Question: Can you recommend a data storage solution that can handle massive AI workloads and scale linearly?

WEKA screenshot thumbnail

WEKA

If you're looking for a data storage system that can handle enormous AI workloads and scale linearly, WEKA is a great option. This data platform is built for cloud and on-premises environments, with high performance and sustainability for next-gen workloads like AI. It can handle 10 exabytes of data with linear scaling for compute and storage, and it offers 10-100x better performance than traditional data infrastructure.

DDN screenshot thumbnail

DDN

Another option is DDN, which offers optimized data storage and management solutions for AI and HPC workloads. Its storage appliances are optimized for efficiency and cloud integration, with features like 10X more efficient AI infrastructure and 30x more IOPS. That makes it a good option for companies that want to speed up their AI and HPC workloads with big data sets.

MinIO screenshot thumbnail

MinIO

For cloud-native workloads, MinIO is an interesting option. It's high-performance object storage for AI and machine learning, and it's highly scalable and Kubernetes-native. MinIO offers active-active, multi-site replication, industry-standard encryption and features for information lifecycle management, so it's good for large-scale AI/ML workloads and data lakes.

SingleStore screenshot thumbnail

SingleStore

You could also look at SingleStore, a real-time data platform that can handle petabyte-scale data sets with millisecond query performance. It combines transactional and analytical data in a single engine and can ingest high-throughput streaming data from multiple sources. That makes it a good option for generative AI and real-time analytics.

Additional AI Projects

Cerebras screenshot thumbnail

Cerebras

Accelerate AI training with a platform that combines AI supercomputers, model services, and cloud options to speed up large language model development.

Anyscale screenshot thumbnail

Anyscale

Instantly build, run, and scale AI applications with optimal performance and efficiency, leveraging automatic resource allocation and smart instance management.

Lambda screenshot thumbnail

Lambda

Provision scalable NVIDIA GPU instances and clusters on-demand or reserved, with pre-configured ML environments and transparent pricing.

Couchbase screenshot thumbnail

Couchbase

Unlocks high-performance, flexible, and cost-effective AI-infused applications with a memory-first architecture and AI-assisted coding.

DataStax screenshot thumbnail

DataStax

Rapidly build and deploy production-ready GenAI apps with 20% better relevance and 74x faster response times, plus enterprise-grade security and compliance.

Salad screenshot thumbnail

Salad

Run AI/ML production models at scale with low-cost, scalable GPU instances, starting at $0.02 per hour, with on-demand elasticity and global edge network.

Numenta screenshot thumbnail

Numenta

Run large AI models on CPUs with peak performance, multi-tenancy, and seamless scaling, while maintaining full control over models and data.

Zilliz screenshot thumbnail

Zilliz

Streamlines billion-scale vector search applications with a fully managed service, offering high performance, scalability, and security for large-scale vector data.

Scaleway screenshot thumbnail

Scaleway

Scaleway offers a broad range of cloud services for building, training, and deploying AI models.

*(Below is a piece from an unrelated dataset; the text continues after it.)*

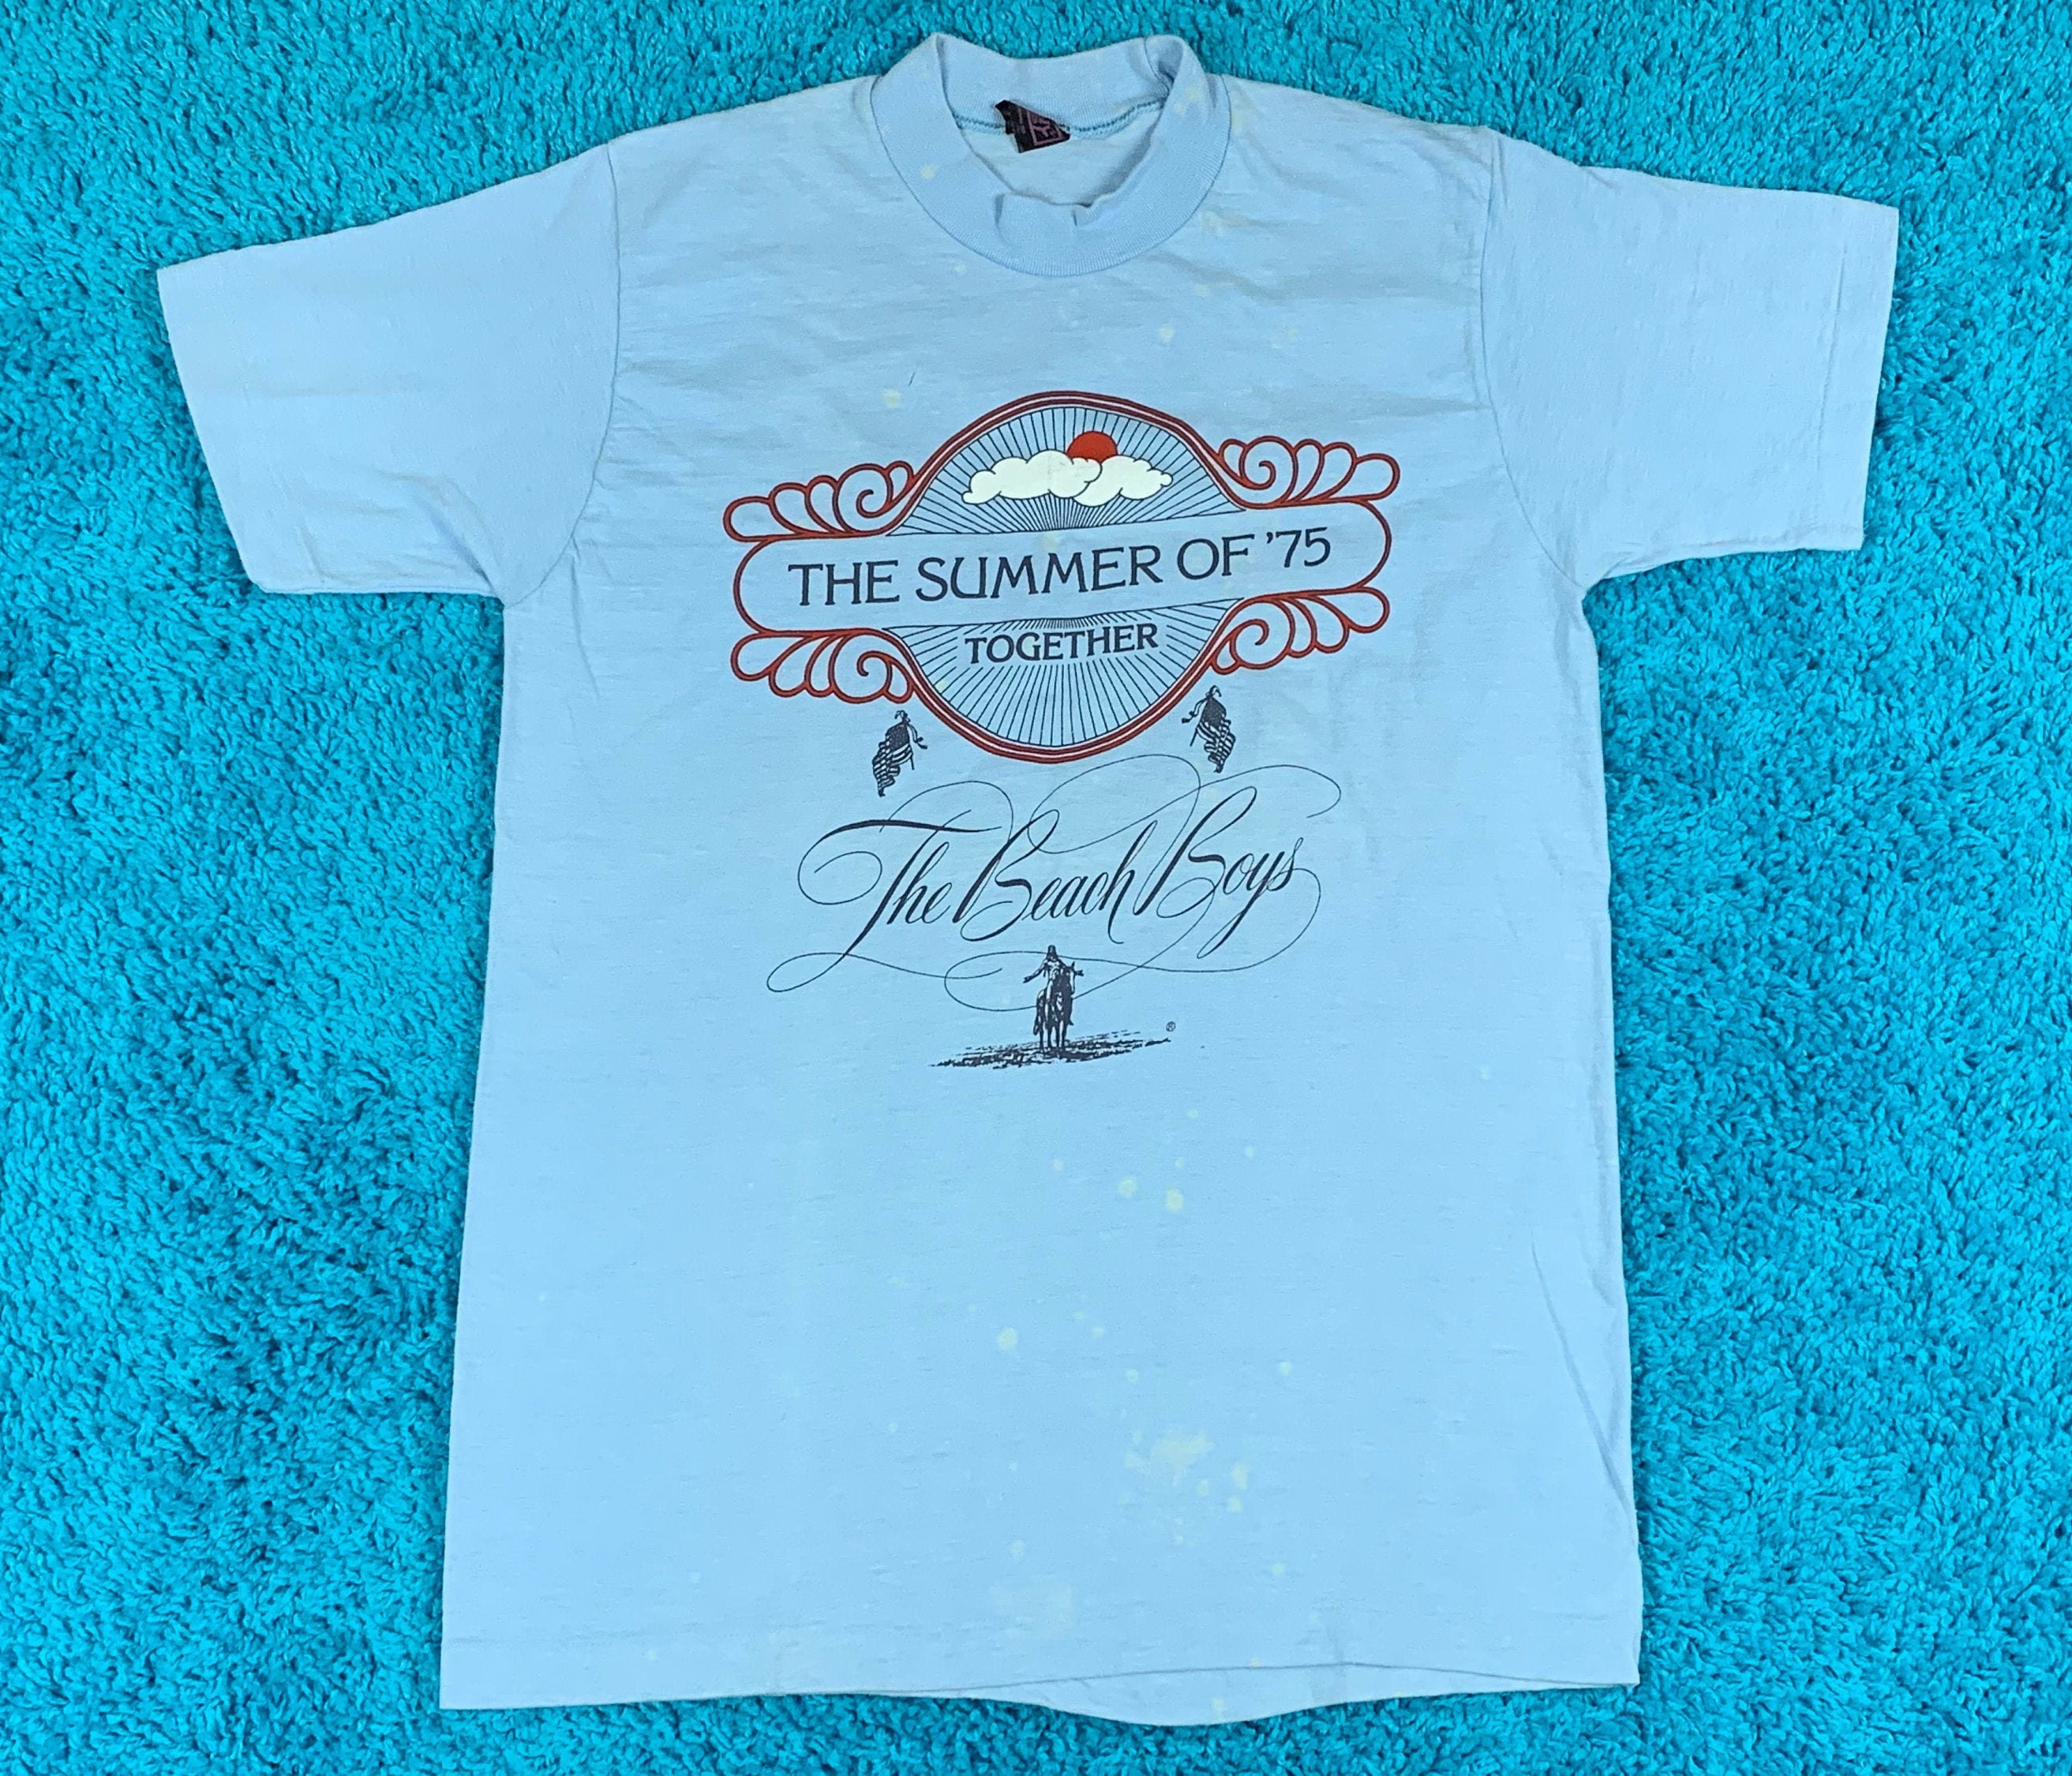 M * vtg 70s 1975 The Beach Boys / Chicago summer tour t shirt * 8.136
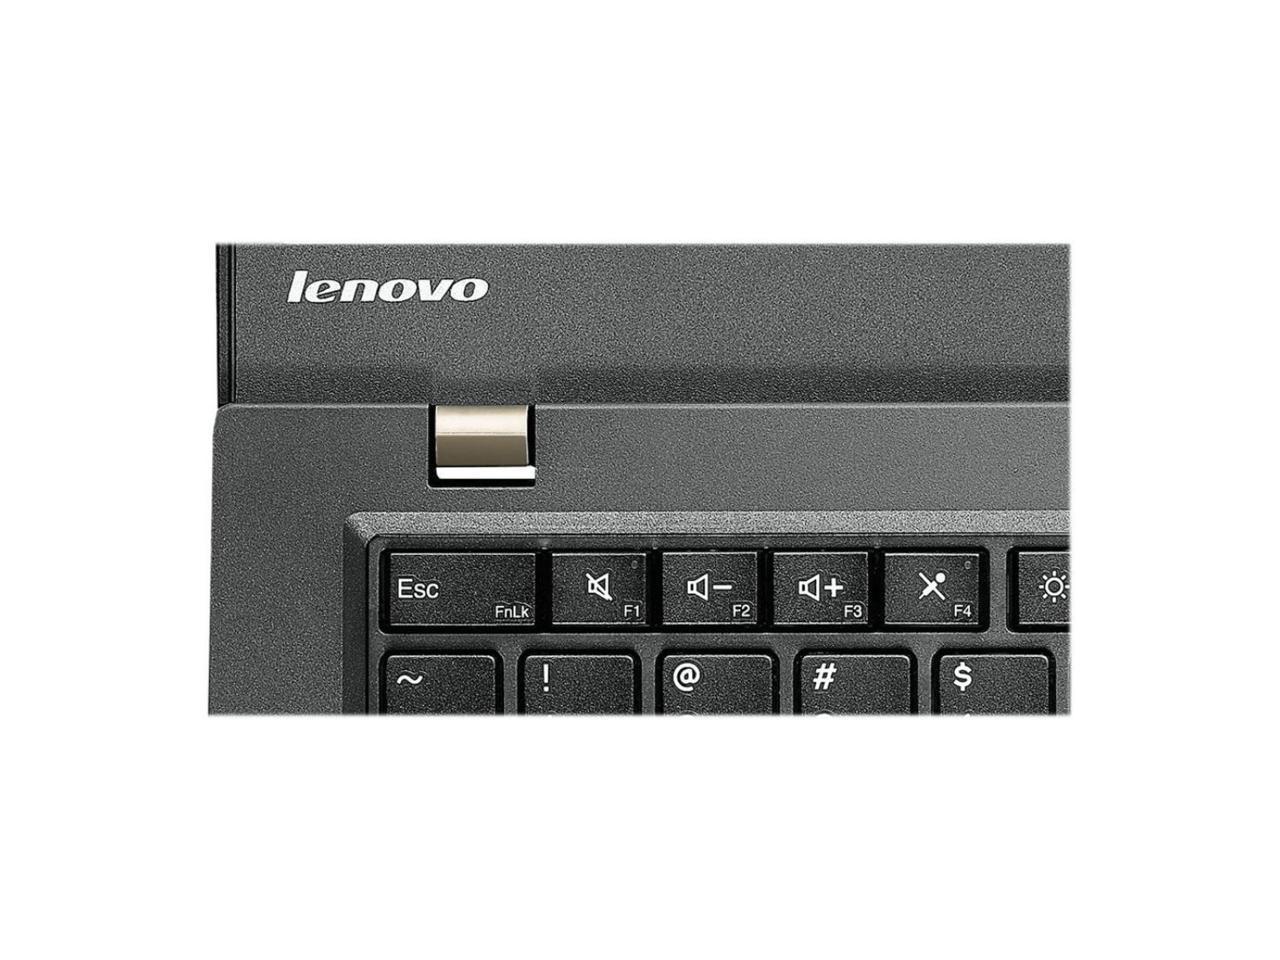 Lenovo ThinkPad T450S 14.0-in Laptop - Intel Core i5 5300U 5th Gen 2.30 GHz 8GB 256GB SSD Windows 10 Pro 64-Bit - Webcam

DEKUBE screenshot thumbnail

DEKUBE

Scalable, cost-effective, and secure distributed computing network for training and fine-tuning large language models, with infinite scalability and up to 40% cost reduction.

Vespa screenshot thumbnail

Vespa

Combines search in structured data, text, and vectors in one query, enabling scalable and efficient machine-learned model inference for production-ready applications.

dstack screenshot thumbnail

dstack

Automates infrastructure provisioning for AI model development, training, and deployment across multiple cloud services and data centers, streamlining complex workflows.

EDB Postgres AI screenshot thumbnail

EDB Postgres AI

Unifies transactional, analytical, and AI workloads on a single platform, with native AI vector processing, analytics lakehouse, and unified observability.

Scale screenshot thumbnail

Scale

Provides high-quality, cost-effective training data for AI models, improving performance and reliability across various industries and applications.

Baseplate screenshot thumbnail

Baseplate

Links and manages data for Large Language Model tasks, enabling efficient embedding, storage, and versioning for high-performance AI app development.

Together screenshot thumbnail

Together

Accelerate AI model development with optimized training and inference, scalable infrastructure, and collaboration tools for enterprise customers.

Neum AI screenshot thumbnail

Neum AI

Build and manage data infrastructure for Retrieval Augmented Generation and semantic search with scalable pipelines and real-time vector embeddings.

Webscale screenshot thumbnail

Webscale

Deploy applications milliseconds from end-users with Webscale's AI-driven Supercloud platform for maximum efficiency.

Vectorize screenshot thumbnail

Vectorize

Convert unstructured data into optimized vector search indexes for fast and accurate retrieval augmented generation (RAG) pipelines.

Clarifai screenshot thumbnail

Clarifai

Rapidly develop, deploy, and operate AI projects at scale with automated workflows, standardized development, and built-in security and access controls.